I have some fairly intricate (and stressful) health and finance-related decisions to make right now, so I’m doing the mature, responsible thing: procrastinating!

…by putting my 2018 goals on paper/WordPress, so it counts.

Who knows what all I will actually accomplish, but during conversations with the last guy I started seeing, I realized that one of my biggest flaws is that I am afraid to dream big anymore. Frequently because, unfortunately, I am afraid to fail (yes, cultivating more of a growth mindset is something I’m currently working on, too).

I plan to edit this post as I think of more, but here we go for now! In 2018 I aim to:

  • Present at an academic conference (which would be my second ever)
  • Hit that oft-coveted six-figure salary (well, or earn that much–it doesn’t have to be through salary alone)
  • Finish paying off that one semester of grad school I actually went into debt for (the rest of it was paid for when I went completely outside my department for my grad assistantship and started writing at the news bureau–one of the best decisions I have ever made)

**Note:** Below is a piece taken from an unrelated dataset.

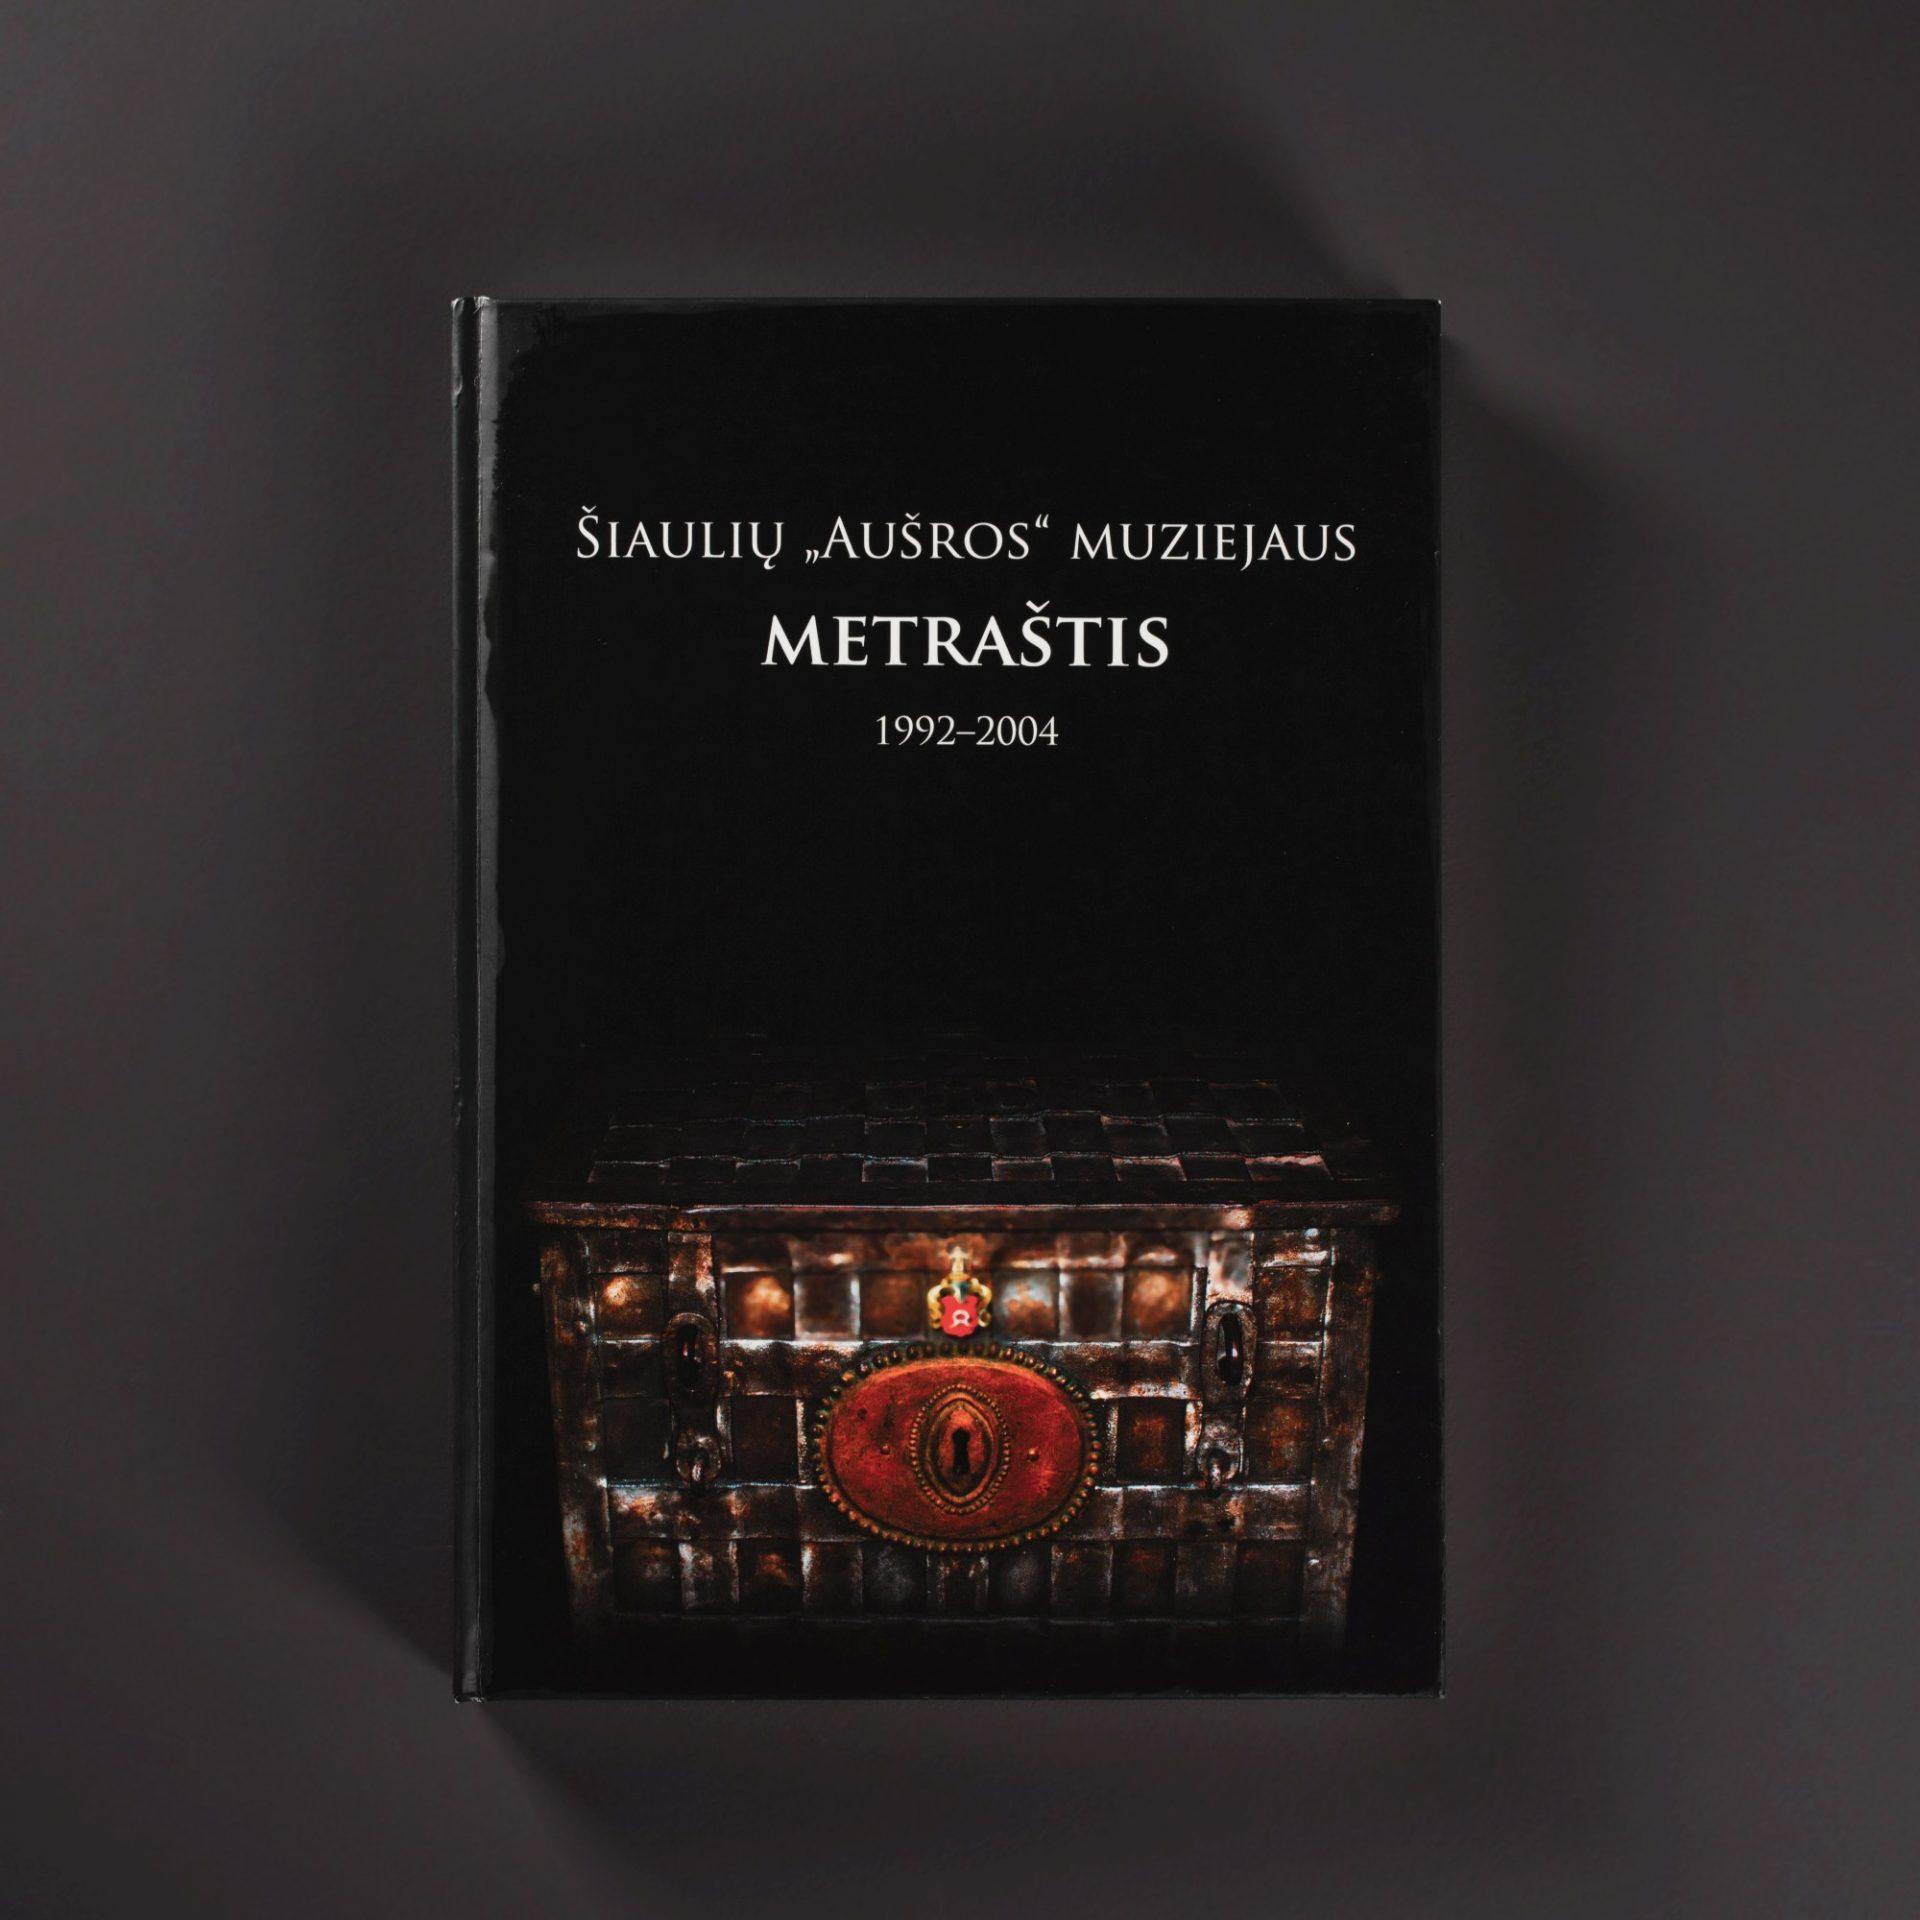 """Šiaulių """"Aušros"""" muziejaus metraštis 1992-2004"""

  • Actually finish one of these darn books I’ve started, and then publish it (self-published counts too, if I decide to go that route)
  • Keep up with my blog consistently again
  • Take one trip somewhere. Not for business; just because I want to.

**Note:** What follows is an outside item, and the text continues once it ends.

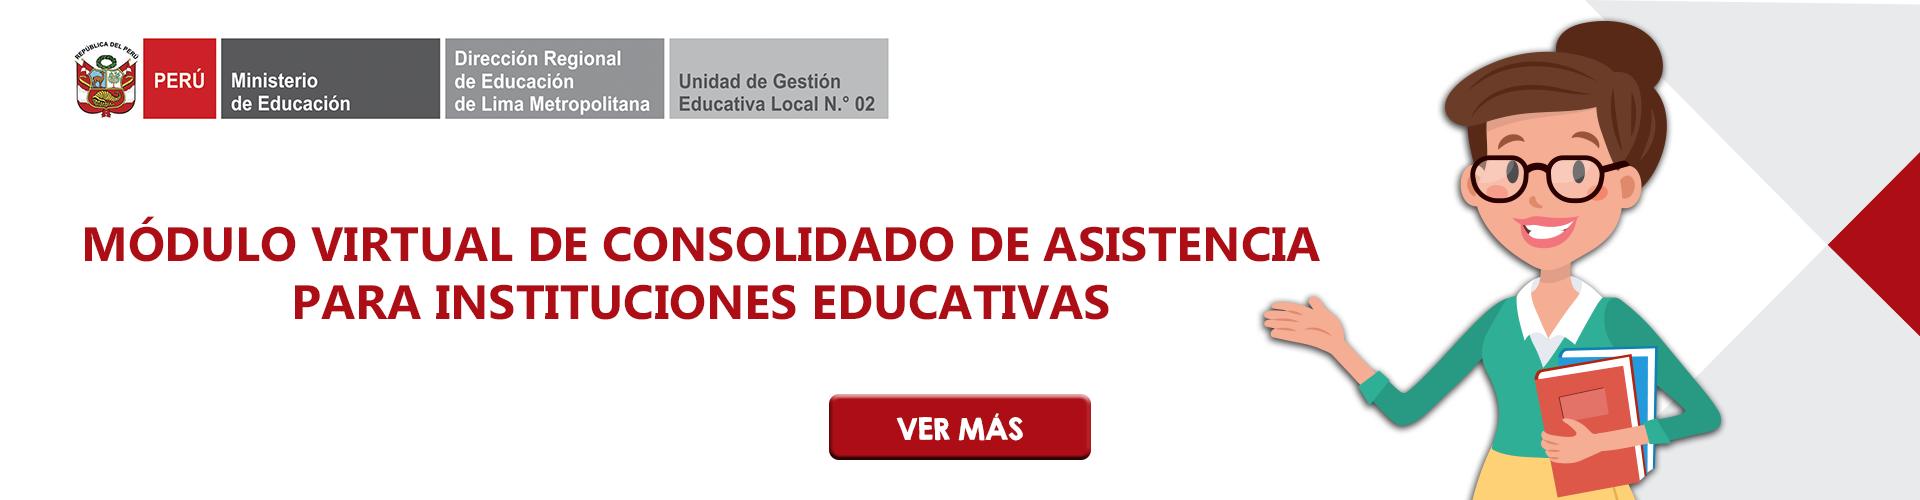 Ugel 02 Unidad De Gestión Educativa Local 02

  • Get my strength, speed, flexibility, and endurance back up to a level at which I am proud of them. My goal used to be to squat 300 pounds someday. Maybe this year, as I baby both of these knees and work on the whole exercise-induced asthma thing, I will set my sights on squatting 250, doing ten pull-ups (not chin-ups, which I find to be much easier) in one go, and running three miles without a walk-break…and/or asthma attack at the end. I’d love to regain my needle (also called a “straight-leg scorpion”) body position, too.
  • This one sounds absolutely inane. Because I was a college cheerleader and I have coached competitive cheerleading, tumbling, and/or gymnastics consistently for nearly the past six years now. But I want to get rid of this irrational fear of doing all my standard tumbling skills again. I’d love to be in a place mentally where I can just throw standing tucks (sober anyway, because I even threw standing fulls, standing arabians, cart-arabians, side-somis, etc. when I was drunk) without questioning myself. The irritating part is that physically, I obviously could still do tucks in my sleep. Even now, at a much heavier weight and very out of practice, I could physically do a triple-toe-back without an issue. But all those old injuries, and the ever-present doubt of myself…those are the real killers.

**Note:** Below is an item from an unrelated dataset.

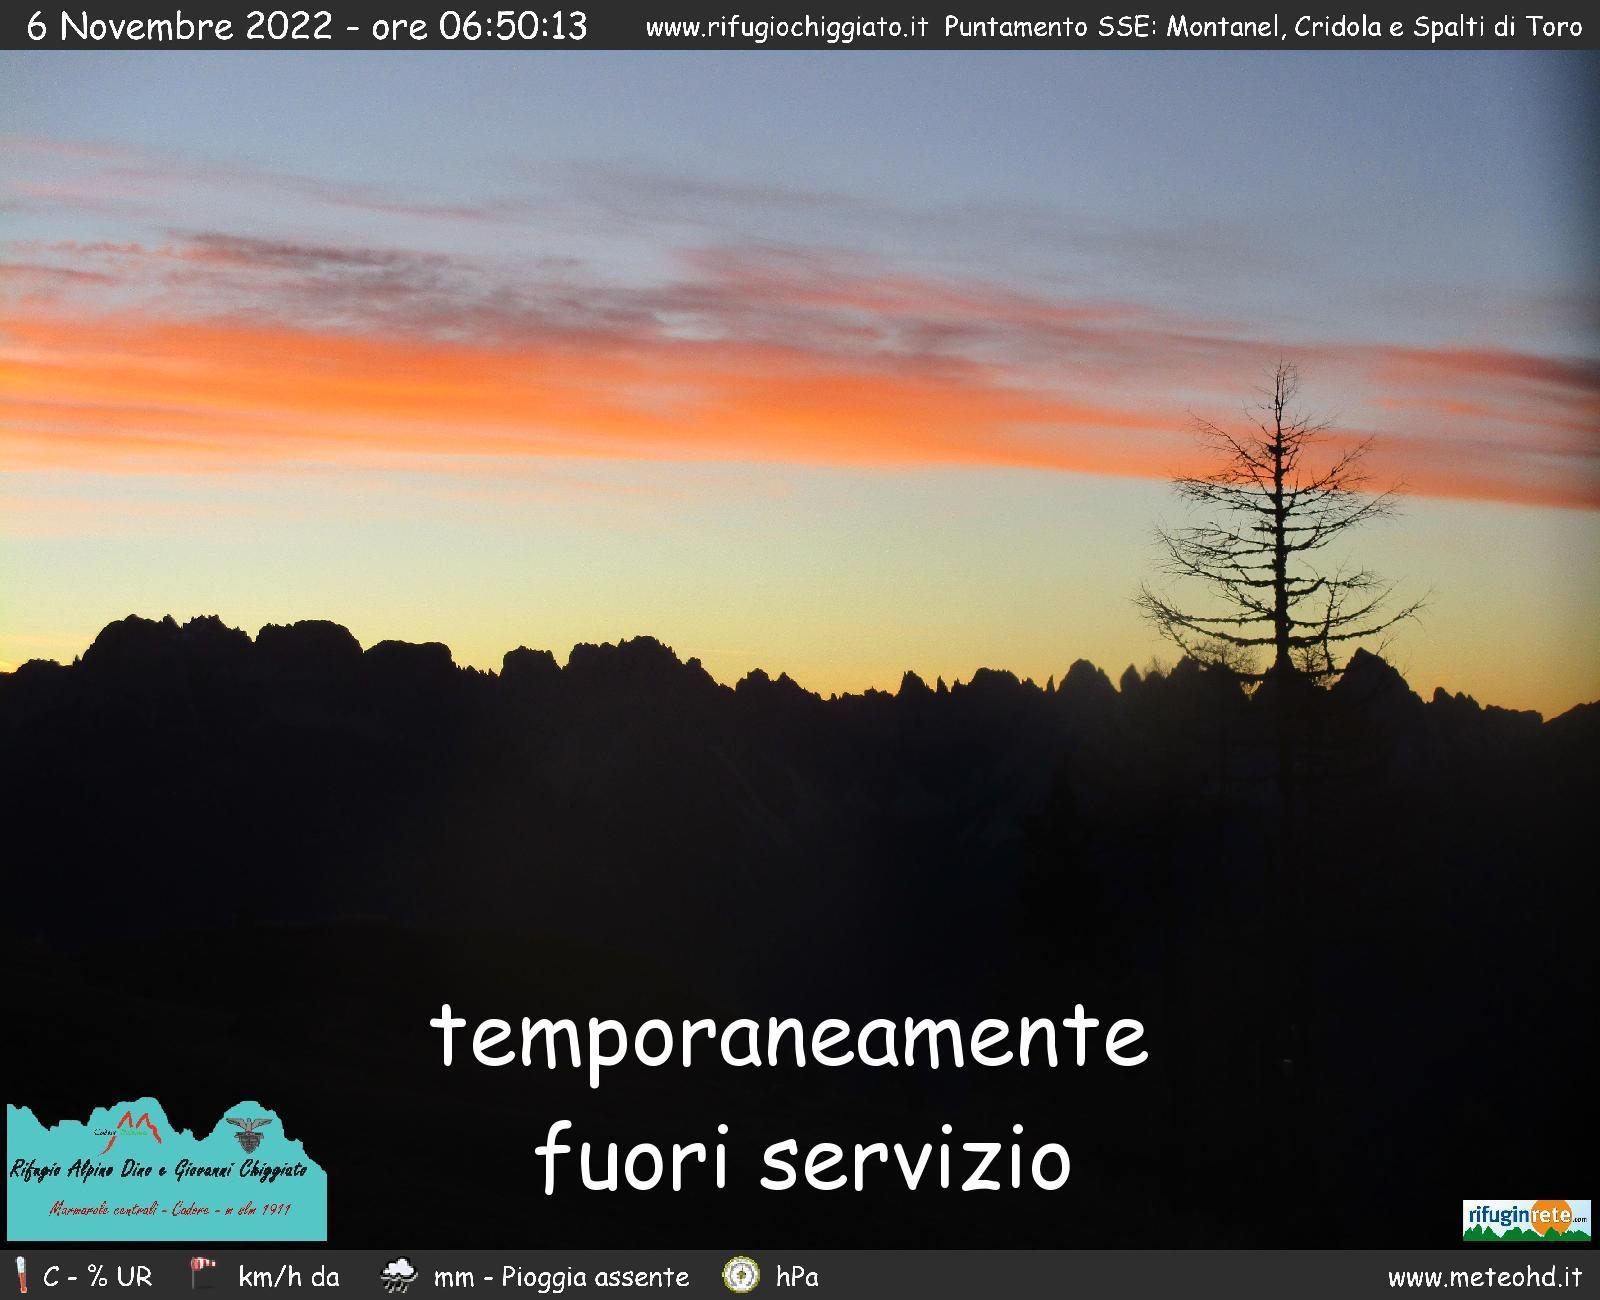 Rifugio Chiggiato - Montanel Cridula

  • I don’t know how to quantify this one, or really “measure” success, per se…but I also want to make sure that this year, I completely stop making all this effort for people who aren’t willing to do the same for me. Period. I have had this terrible habit in nearly all of my relationships where I have been willing to put forth more of the effort, do all the emotional labor, make excuses for their behavior, swallow my own hurt so as not to hurt the person in question, and really be the one to do all the sacrificing, all while demanding near perfection from myself and taking unnecessary blame for things that weren’t my fault. So basically, I have emulated most of the women in my mother’s generation; I am determined not to raise daughters who will see my example and do the same.
  • Finish that damn blanket for my mother that I started knitting years ago. Mostly I just need to sew those squares together!